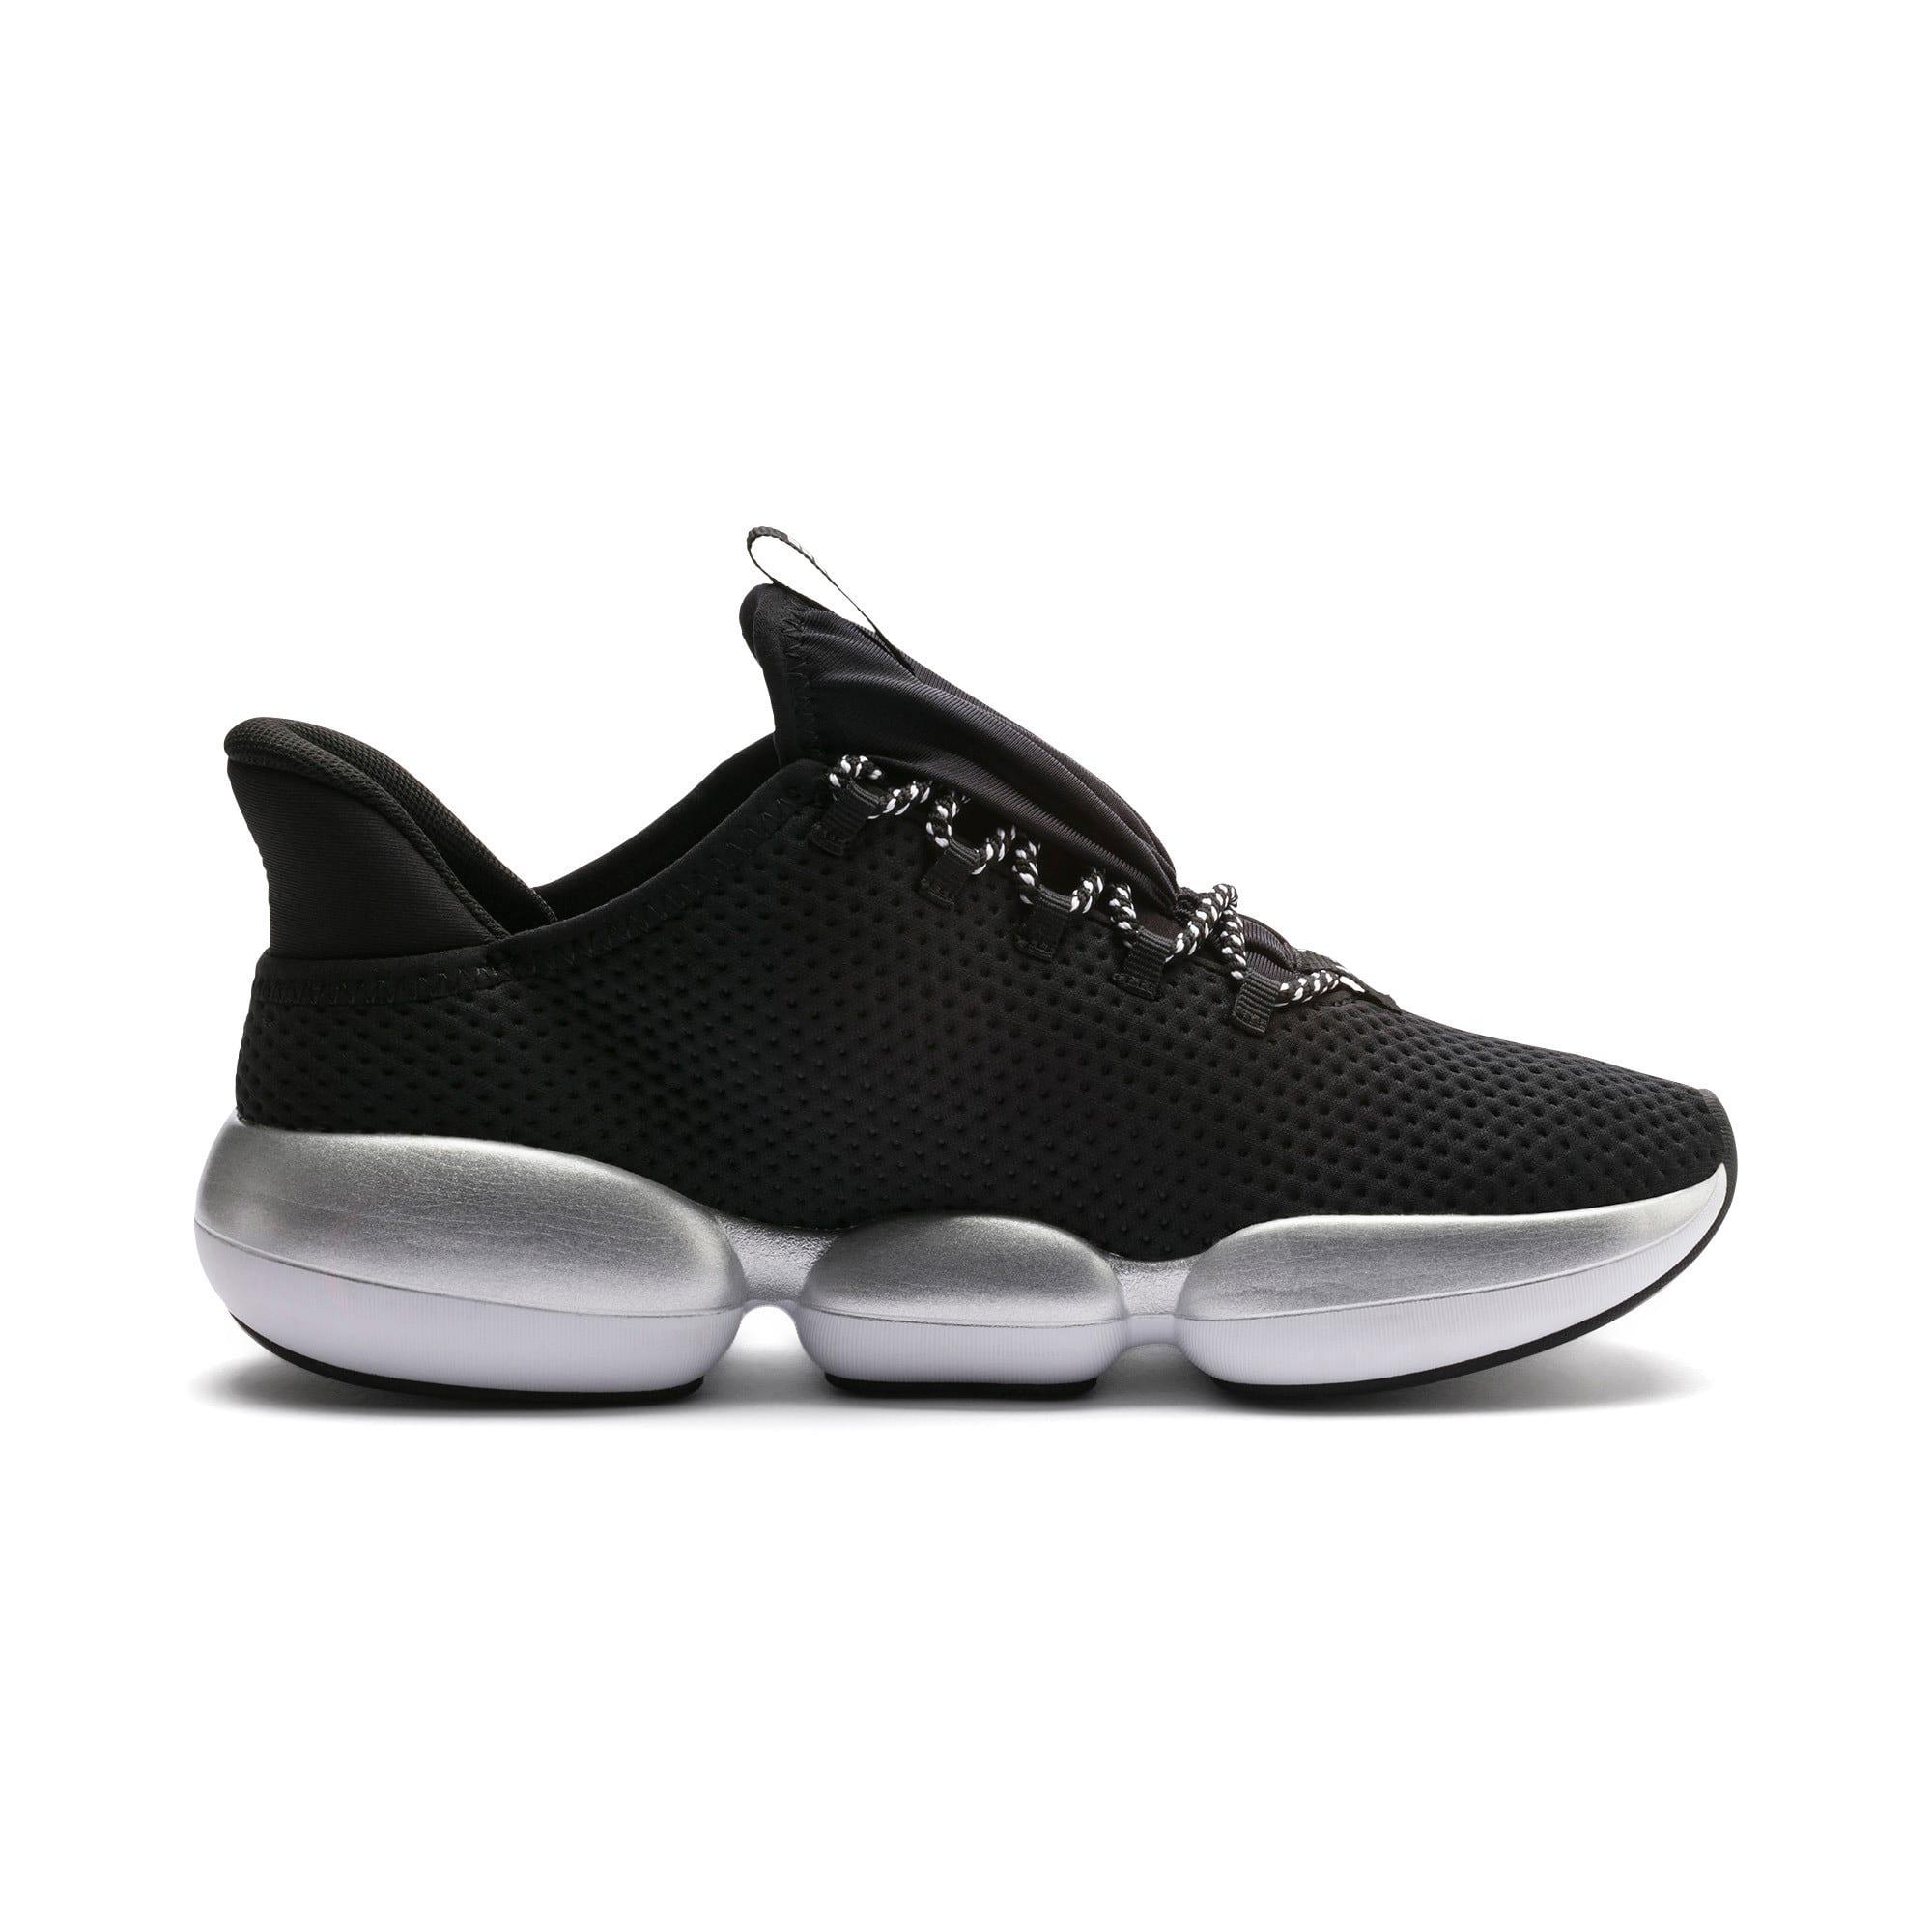 Imagen en miniatura 6 de Zapatillas de training de mujer Mode XT, Puma Black-Puma White, mediana
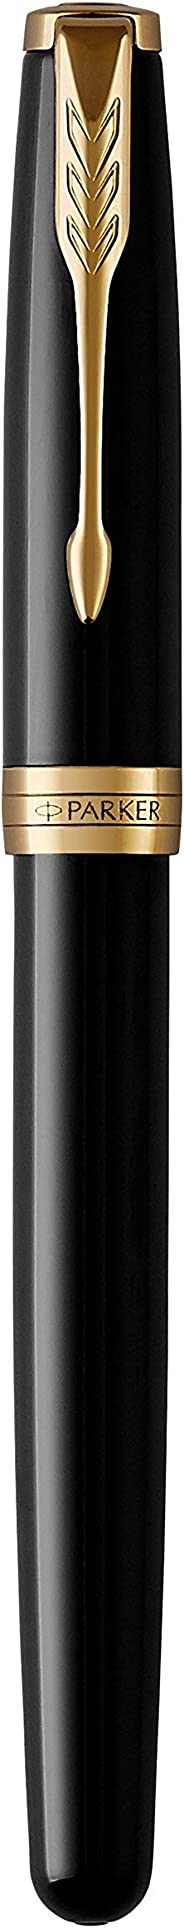 PARKER 派克 Sonnet Fountain 钢笔,金饰黑色漆,实心18k金中号笔尖
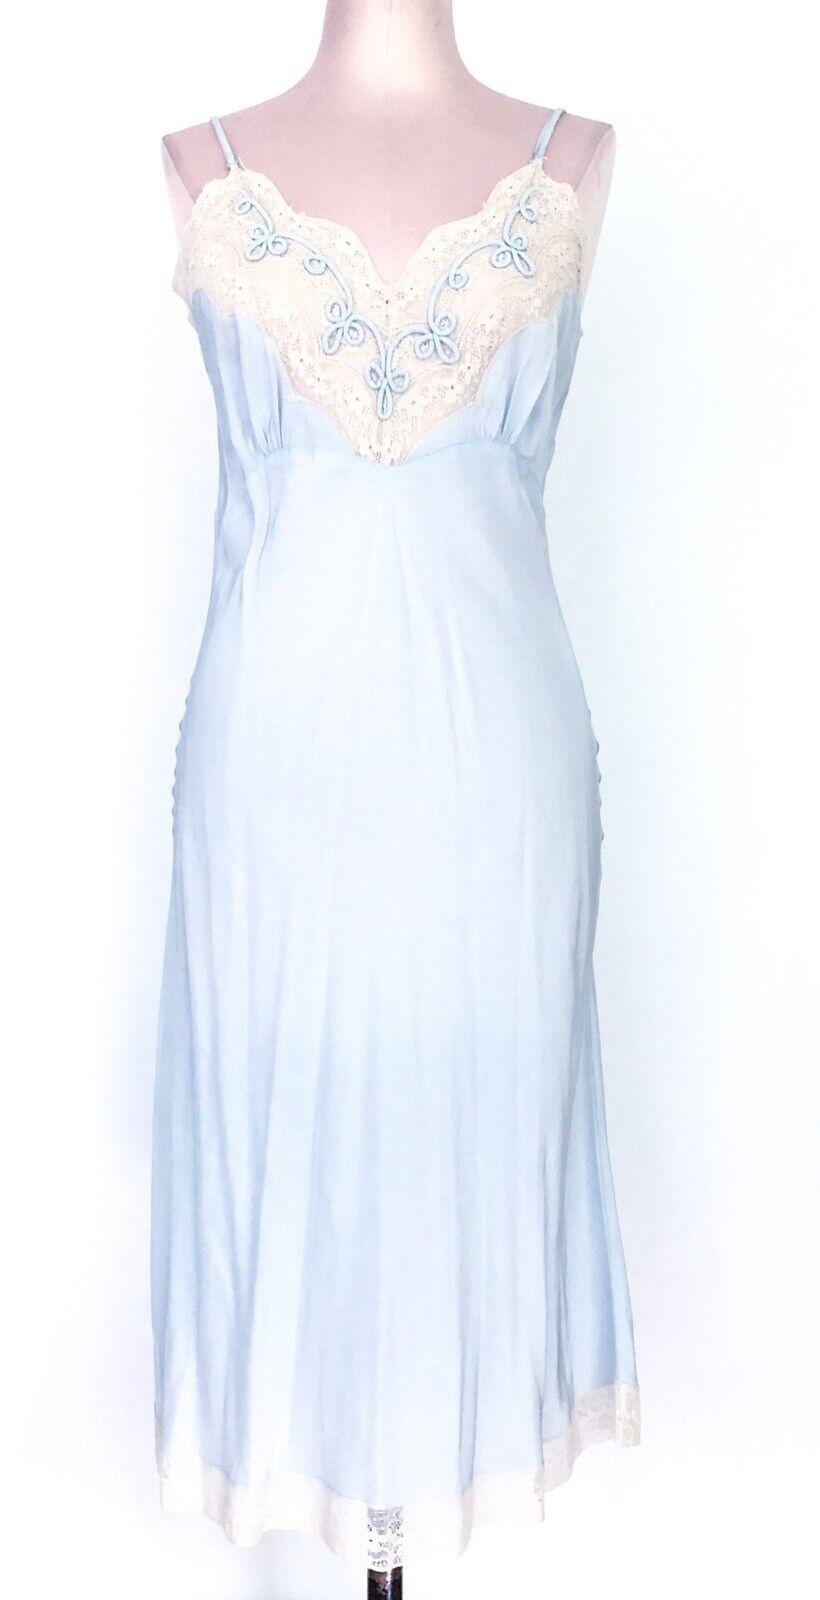 Vintage Light Blue Slip Dress M Slip W/ Lace Trim Sultry Slip Dress Or Lingerie
============
▸ To do: If you see a picture in the listing, skip it while copying everything else exactly.

▸ Result:
 Imagen en miniatura 6 de Zapatillas de training de mujer Mode XT, Puma Black-Puma White, mediana
 PARKER 派克 Sonnet Fountain 钢笔,金饰黑色漆,实心18k金中号笔尖
 Vintage Light Blue Slip Dress M Slip W/ Lace Trim Sultry Slip Dress Or Lingerie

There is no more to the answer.